**Goal of the exercise:** Your copy should contain exactly the lines from the one that holds "British Isles Waving" through the end of the material, reproduced as written, with no pictures.

**Data:**
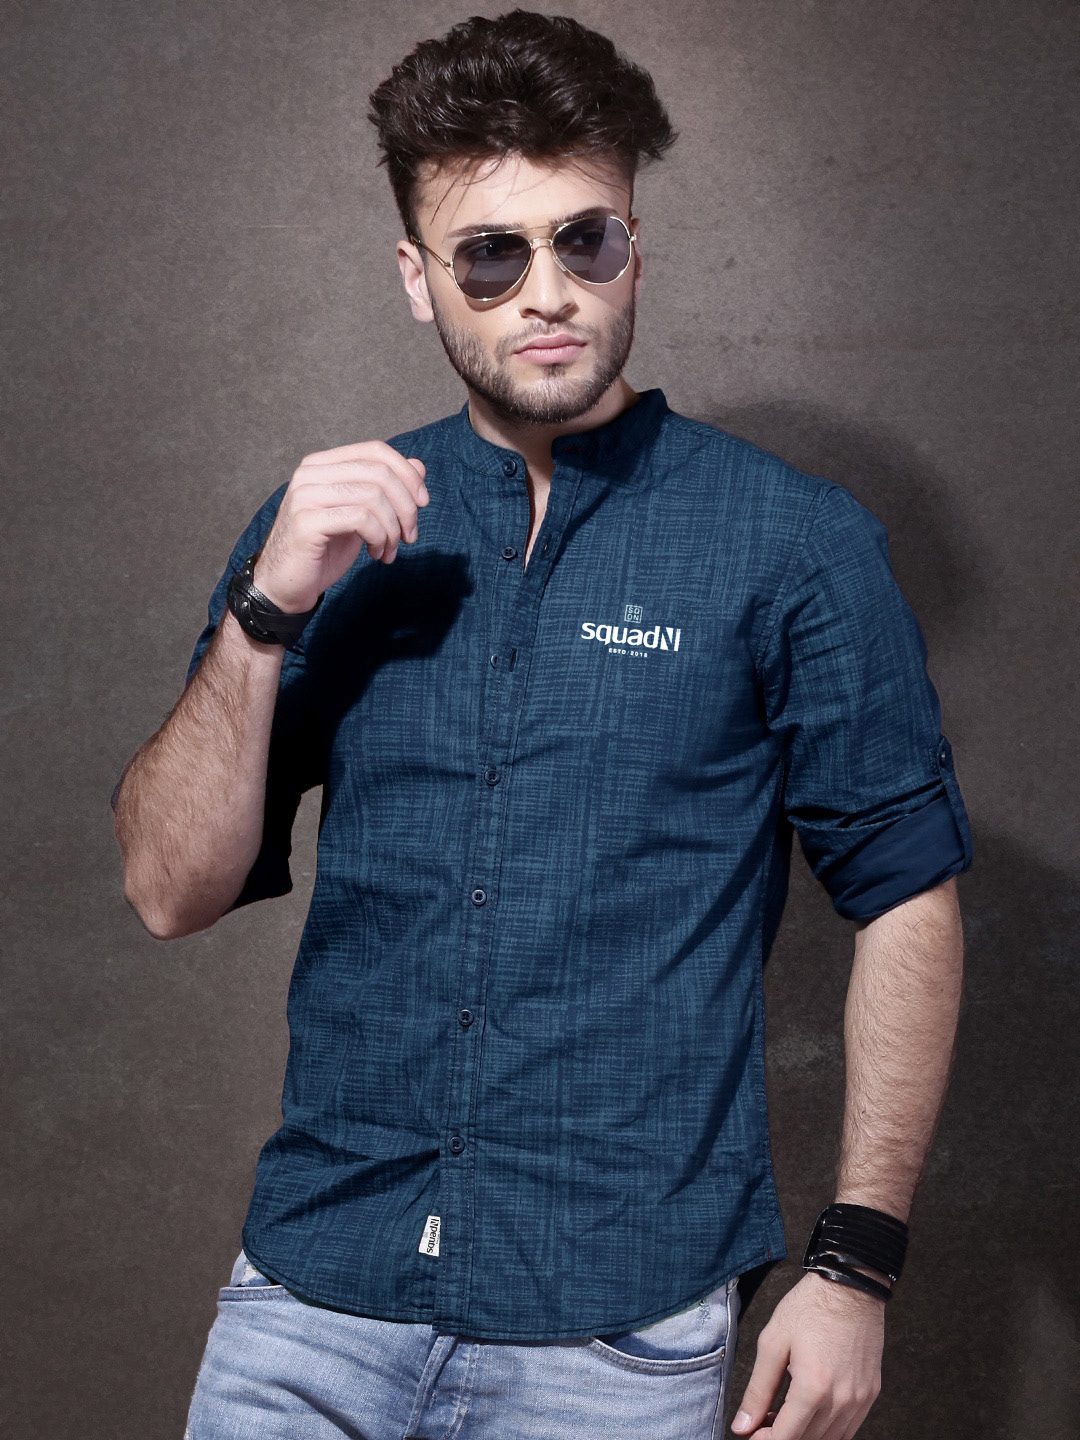 New brand Fashion Clothing men brand exclusive collection registered trademark
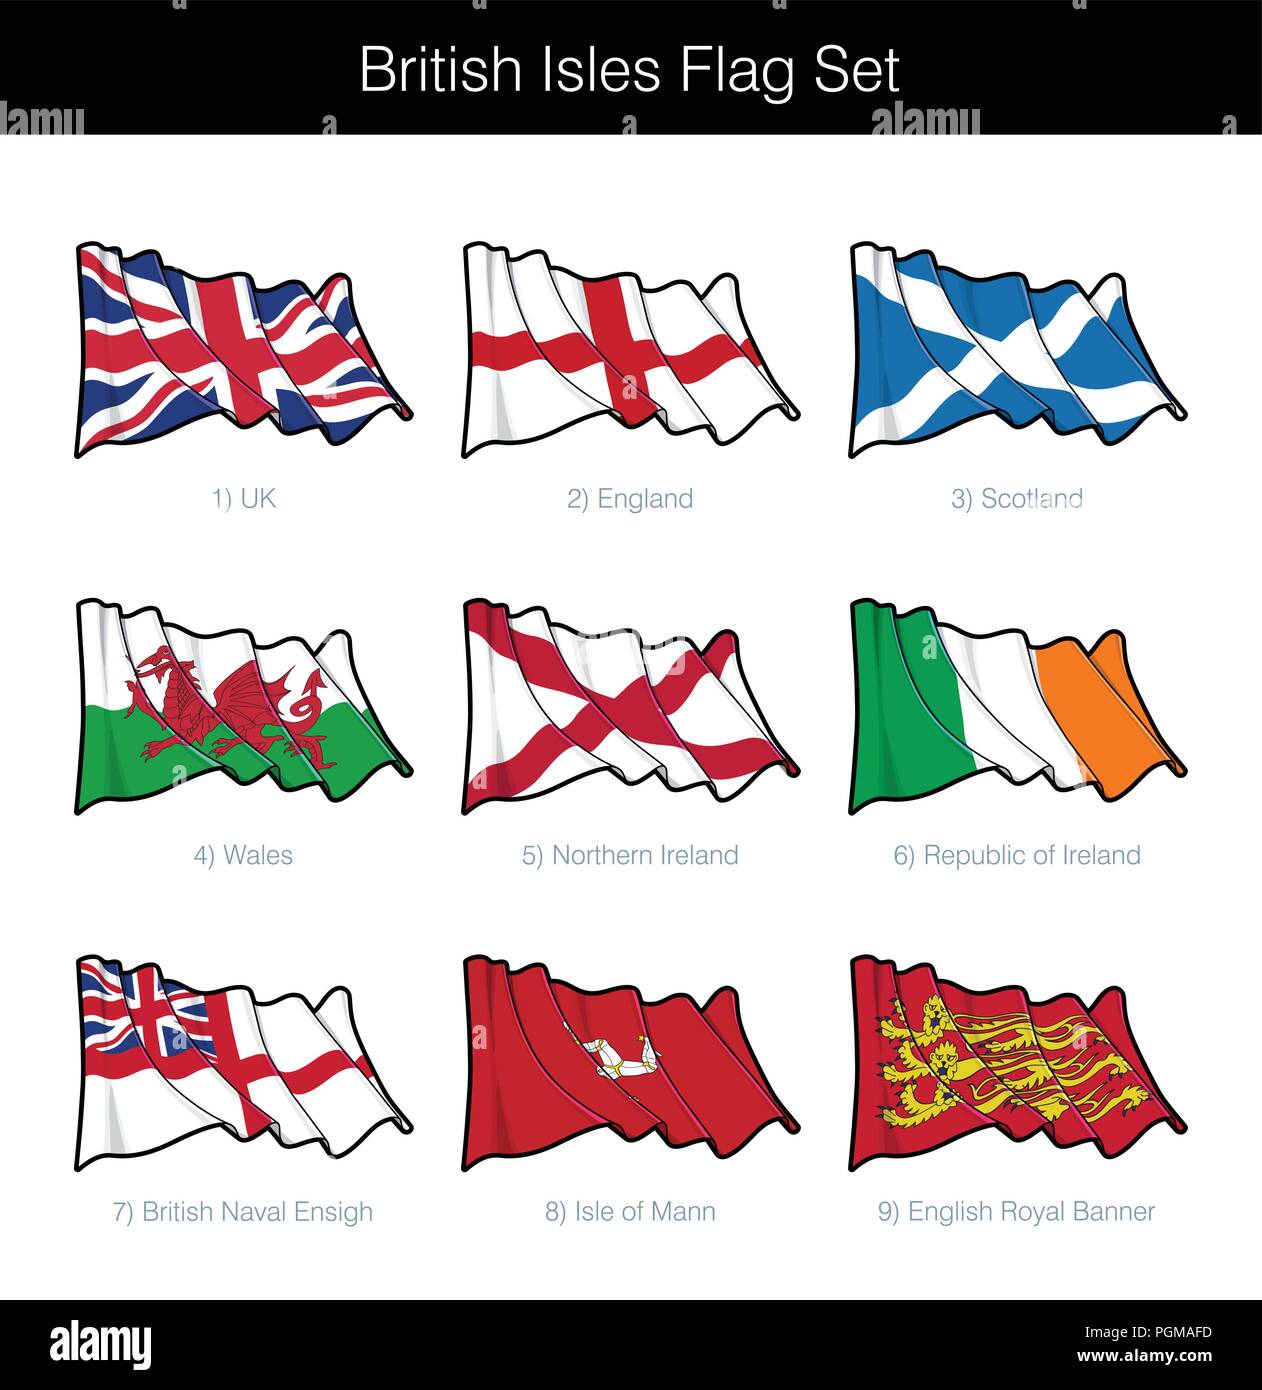 British Isles Waving Flag Set. The set includes the flags of UK, England, Scotland, Wales, Northern Ireland, Republic of Ireland, the British Navy, Is Stock Vector
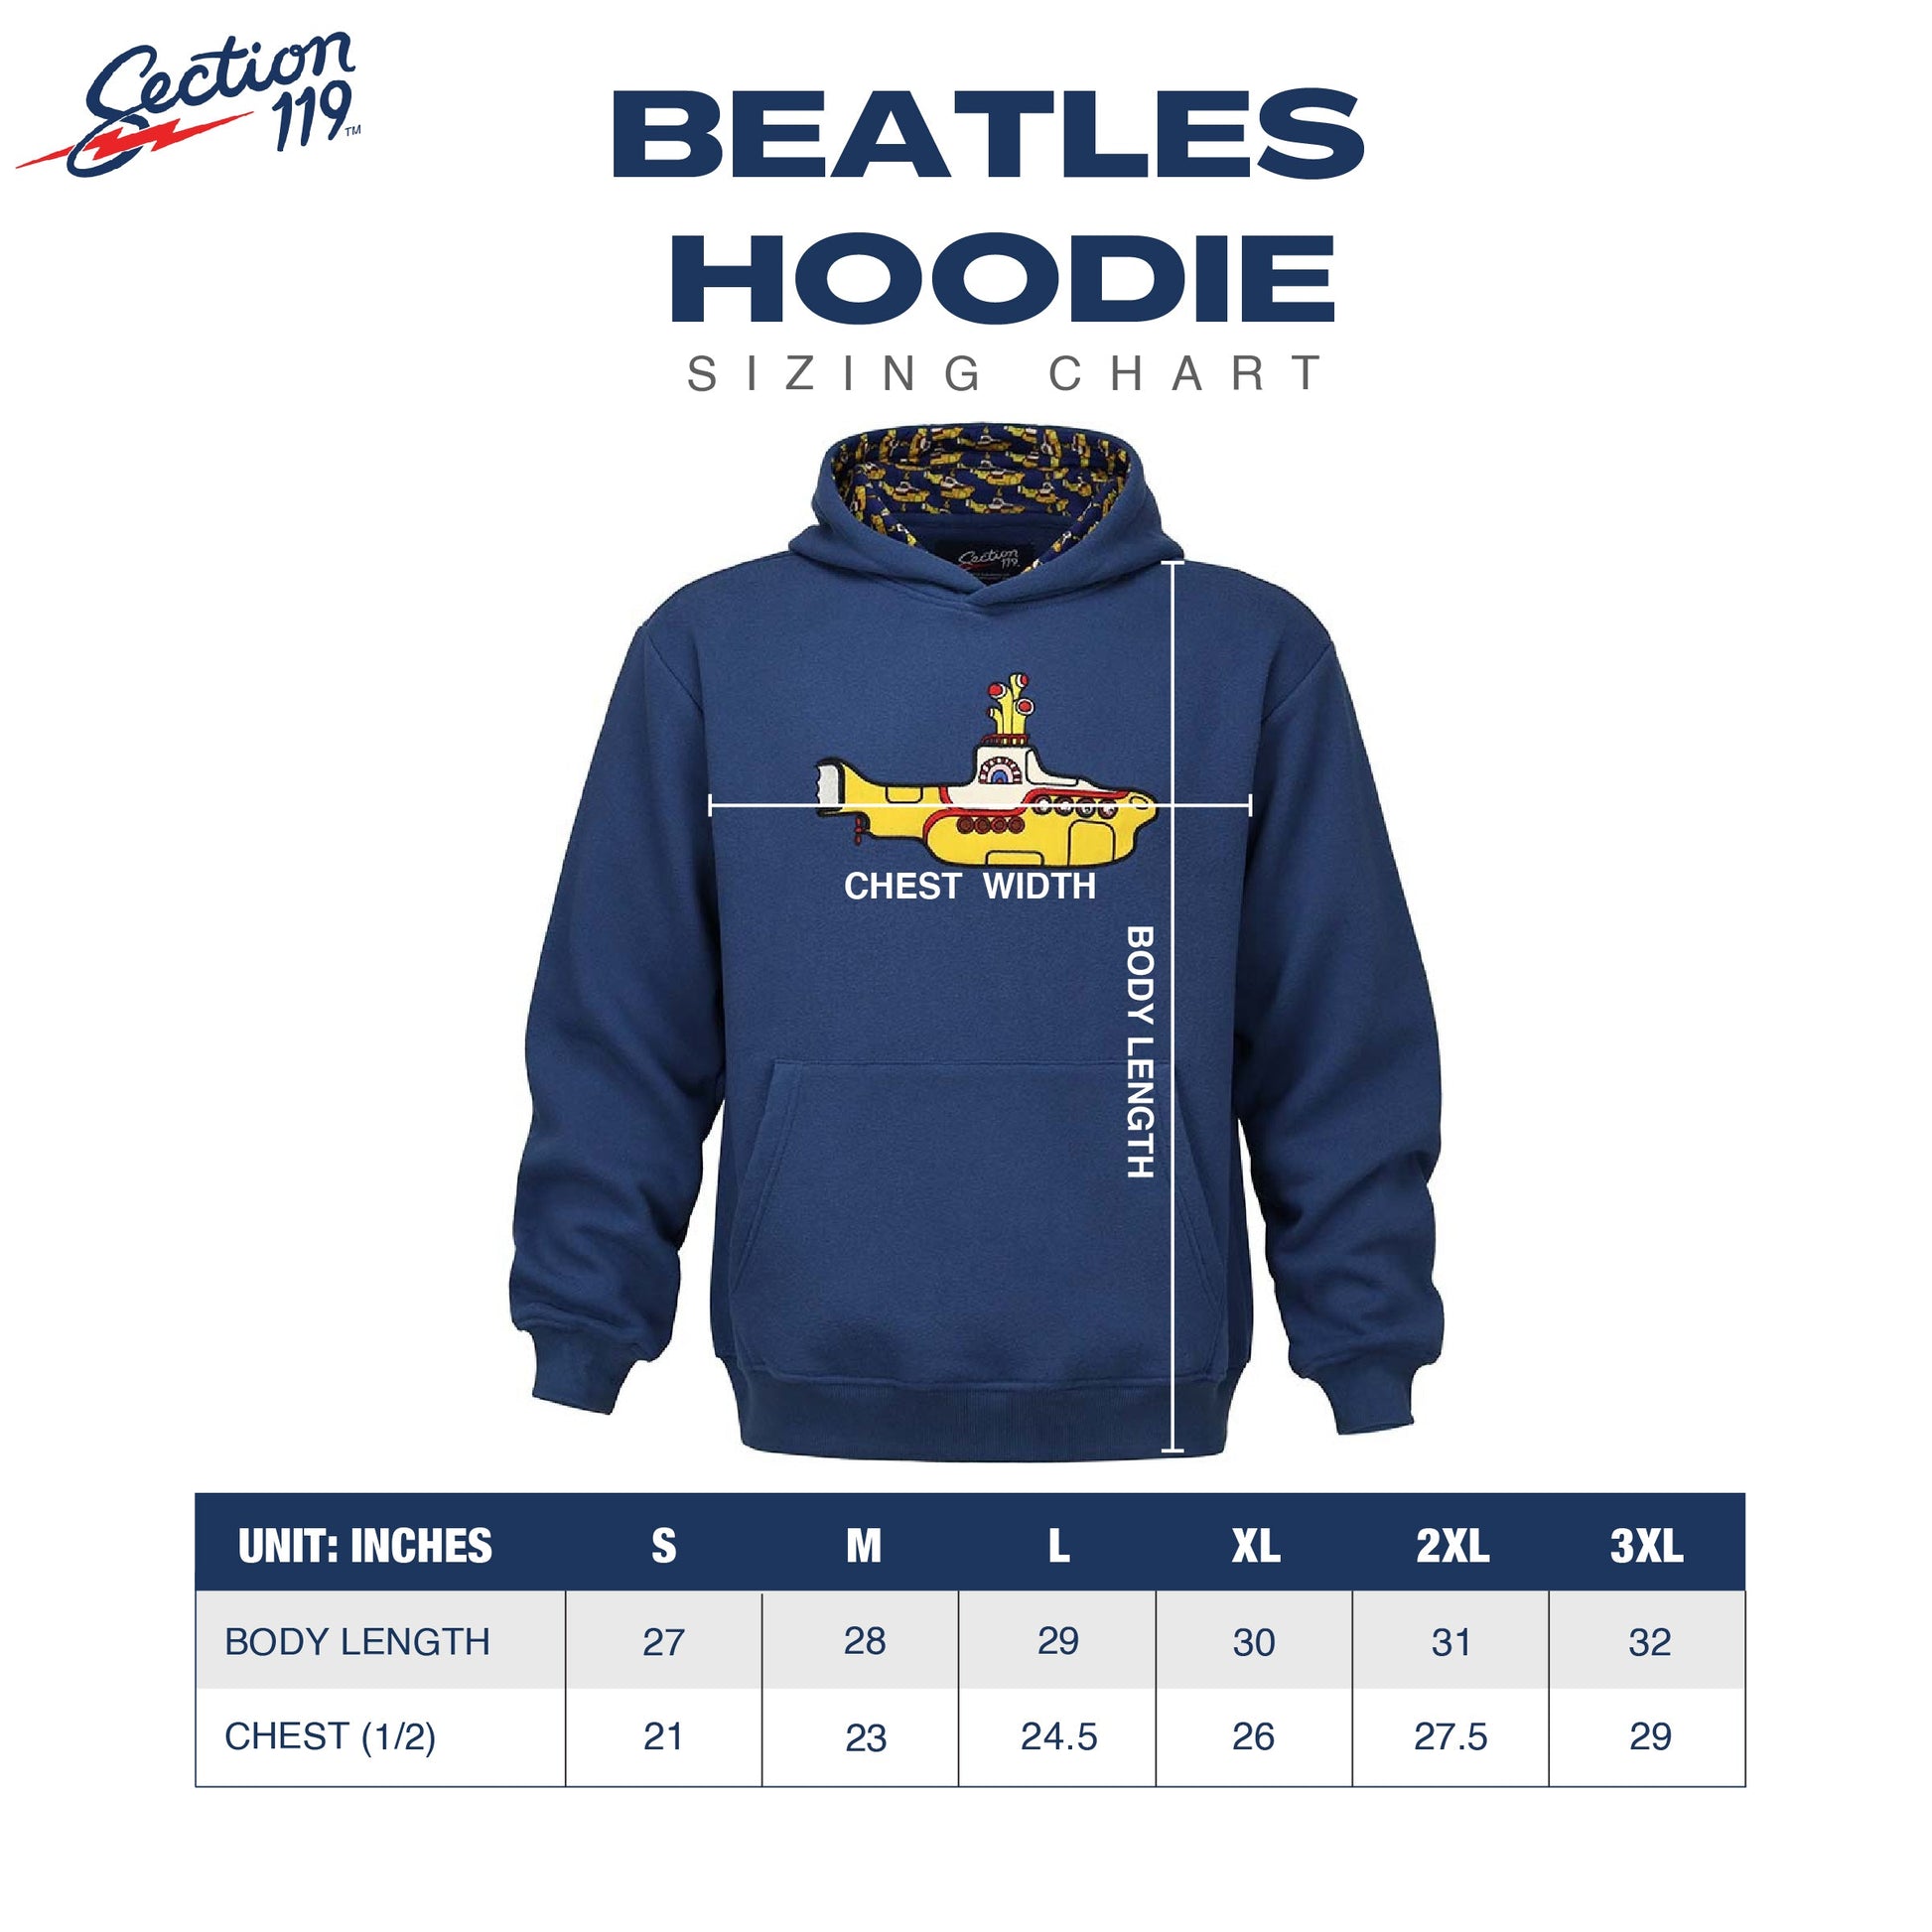 The Beatles Hoodie Blue Yellow Submarine - Section 119

**Response to this task:**
 British Isles Waving Flag Set. The set includes the flags of UK, England, Scotland, Wales, Northern Ireland, Republic of Ireland, the British Navy, Is Stock Vector
 The Beatles Hoodie Blue Yellow Submarine - Section 119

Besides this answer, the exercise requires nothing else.